Kalıcı kekemelikte risk faktörlerine dikkat

Kalıcı kekemelikte bazı risk faktörleri olduğunu belirten Şevval Cengizli, kekemelik yaşayan çocukların yüzde 65–80’inin doğal olarak iyileşebildiğini belirterek bu noktada hangi çocukta riskin yüksek olduğunu doğru öngörmenin oldukça kritik olduğunu söyledi. Şevval Cengzli, bu risk faktörlerini şöyle sıraladı:

-Kekemeliğin 6 aydan uzun sürmesi veya dalgalanarak şiddetlenmesi
-Ailede kalıcı kekemelik öyküsü bulunması
-Çocuğun kekemeliğin farkında olup kaçınma davranışı geliştirmeye başlaması
-Erkek çocuklarda görülme oranının 4 kattan fazla olması
-Eşlik eden dil bozukluğu, artikülasyon sorunu veya dikkat-bilişsel güçlük olması
-Aile veya çevre tarafından hızlı konuşmaya zorlanması ya da baskı altında hissetmesi

İletişim becerisini güçlendirmek ve özgüveni korumak önemli

Kekemelikte tedavi kavramını doğru anlamanın da çok önemli olduğunu belirten Şevval Cengizli, sözlerini şöyle tamamladı:
“Modern dil ve konuşma bilimi, kekemeliği tamamen ortadan kaldırmak yerine iletişim becerisini güçlendirmek, çocuğun (ya da yetişkinin) özgüvenini korumak ve konuşma akıcılığını doğal koşullarda sürdürülebilir hale getirmek hedefiyle ele alır.
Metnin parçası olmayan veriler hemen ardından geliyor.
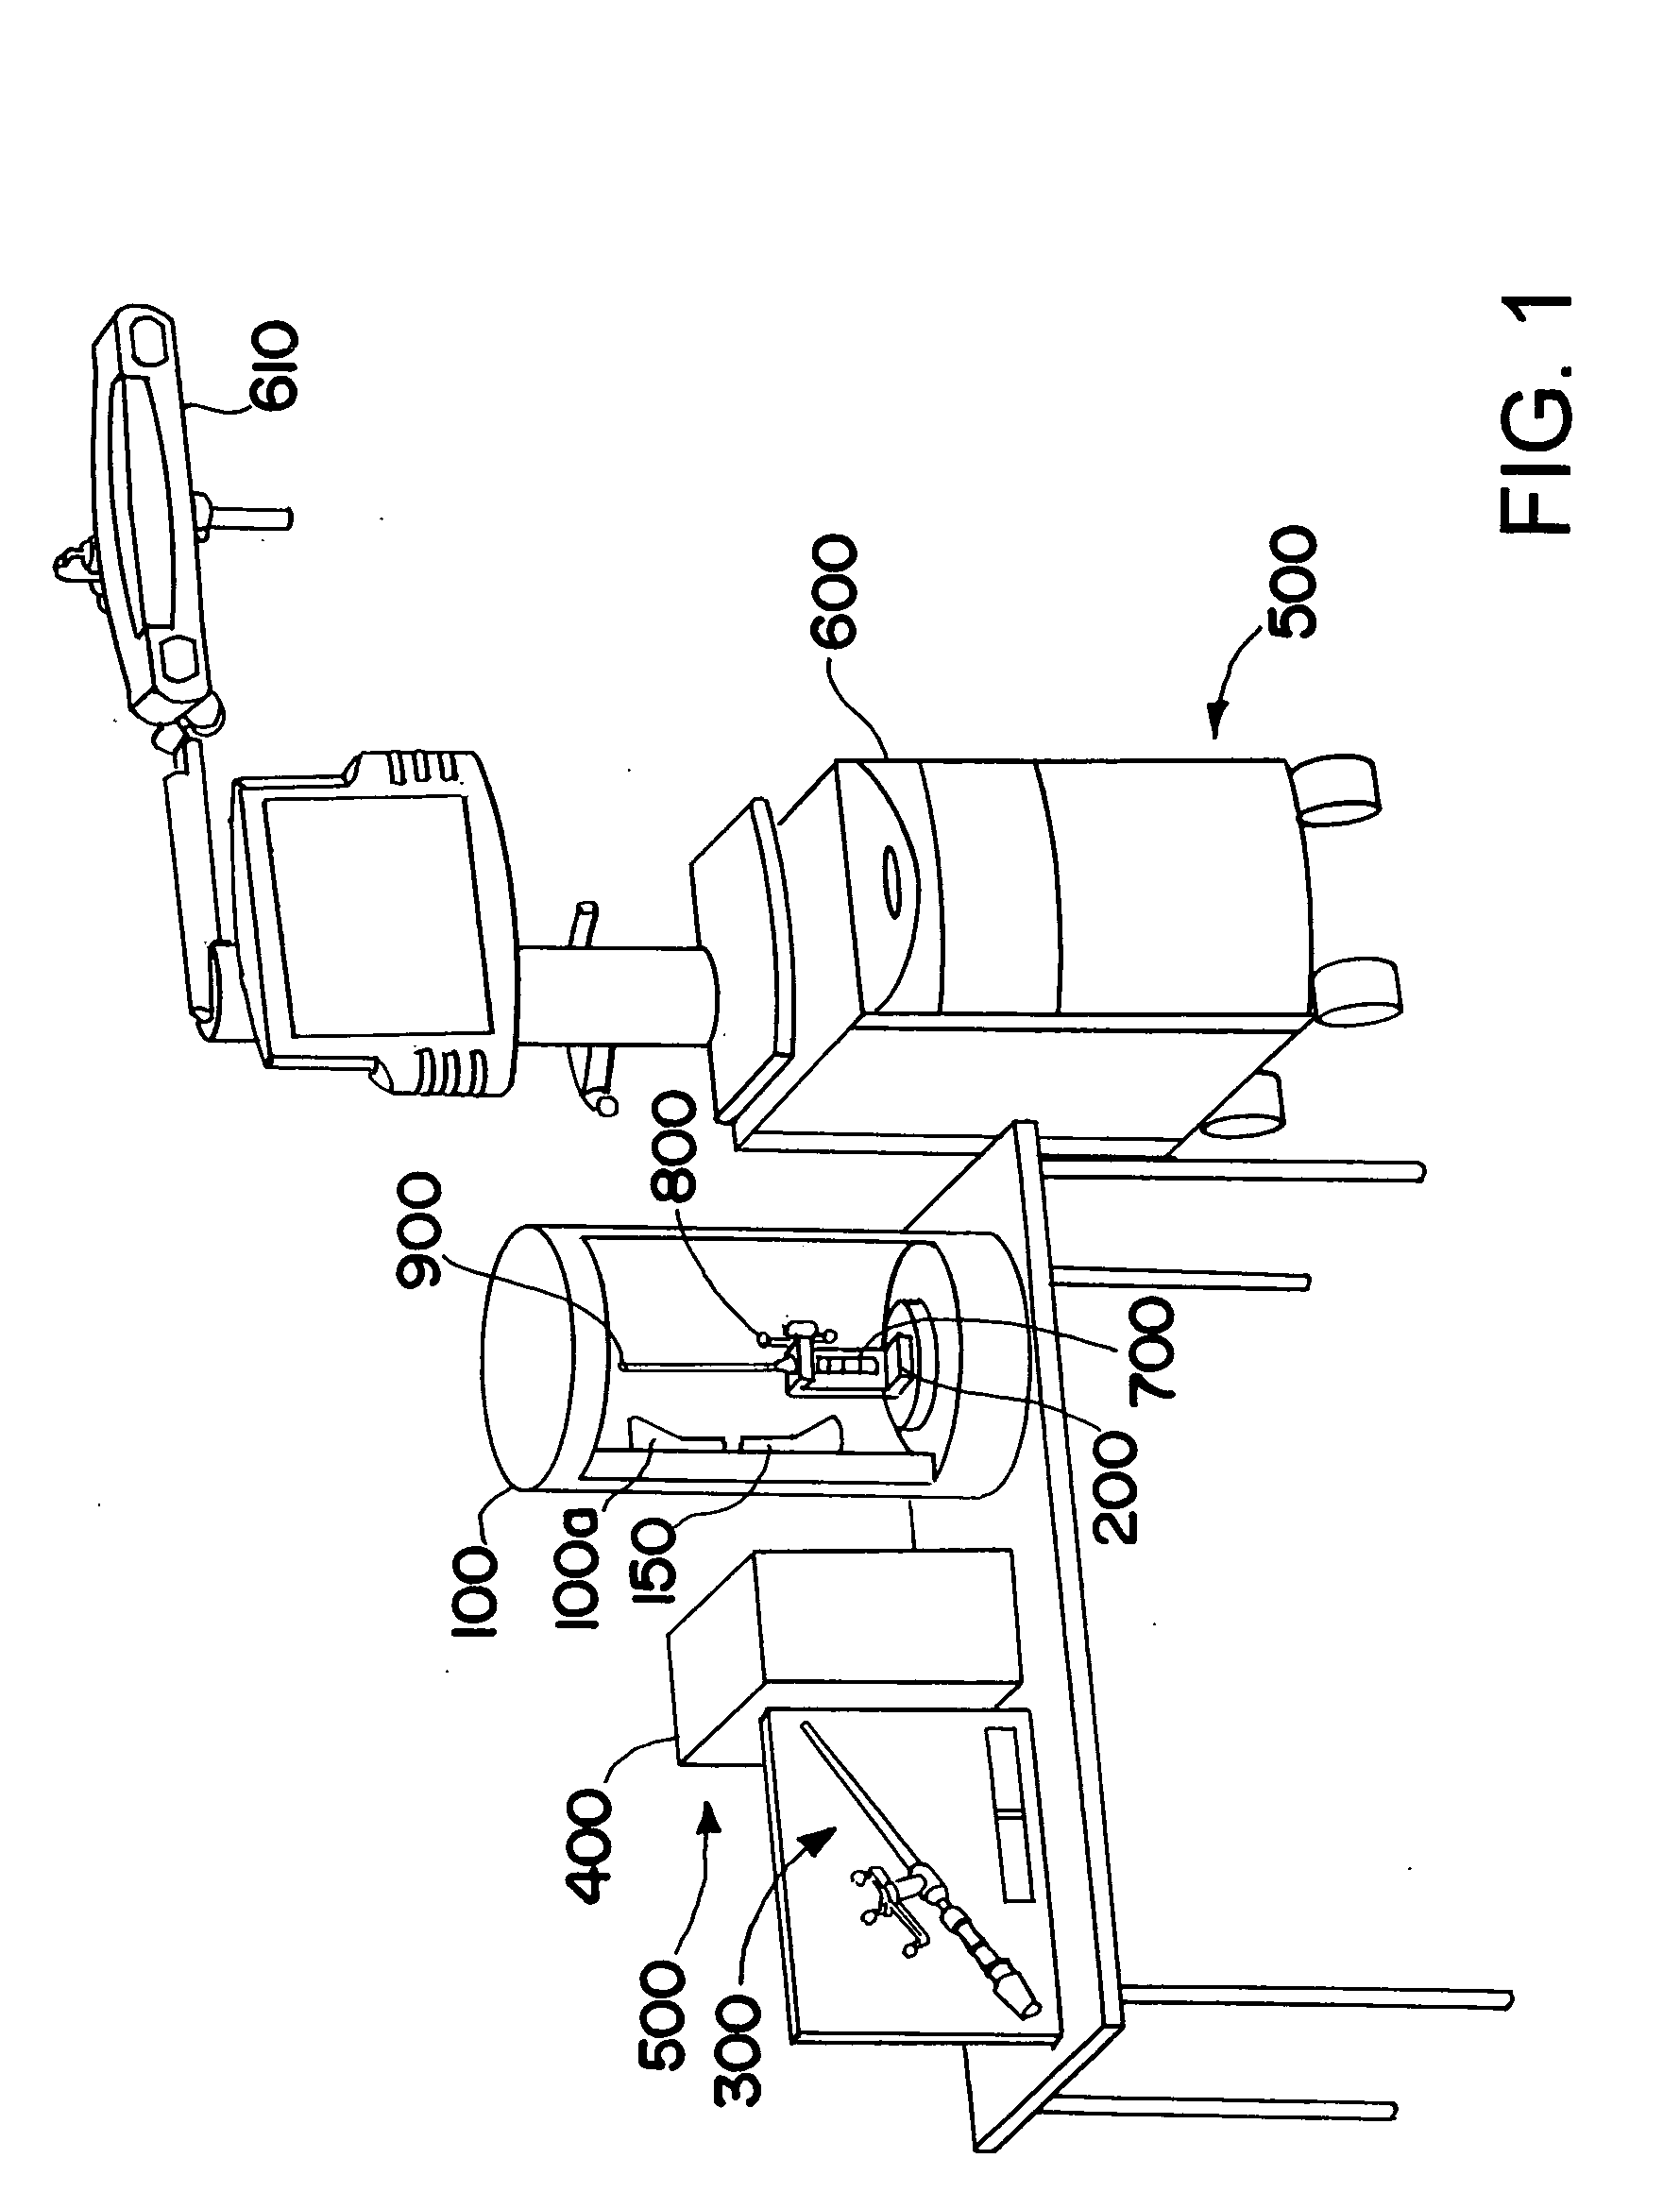 Devices and methods for automatically verifying, calibrating and surveying instruments for computer-assisted surgery

Özellikle erken çocukluk döneminde başlayan müdahalelerde, beyin plastisitesi en yüksek seviyedeyken yapılan akıcılık şekillendirici terapiler çok yüksek başarı oranlarına sahiptir. Bu nedenle bugün dünyanın birçok ülkesinde yalnızca dil-konuşma terapistleri değil, pediatristler, aile hekimleri ve erken çocukluk eğitimi uzmanları da erken sevk sorumluluğu taşımaktadır. Güncel literatür, bütüncül modellerin en etkili sonuçları verdiğini göstermektedir. Örneğin sadece konuşmayı mekanik olarak düzeltmeye çalışan yaklaşımların bireyin duygusal yükünü gözden kaçırması durumunda, kısa vadeli olsa dahi uzun vadede geri dönüş riski oluşabilir. Bu nedenle günümüzde tedavi süreçleri fizyolojik (nefes, hız, ses), psikolojik (özgüven, kaygı, iletişim girişkenliği), çevresel (aile hızı, dinleme kültürü, öğretmen farkındalığı) boyutlarıyla birlikte yapılandırılmaktadır. Yanlış yaklaşım kekemeliği güçlendirir, doğru yaklaşımın ise terapi kadar güçlü bir terapi aracıdır”.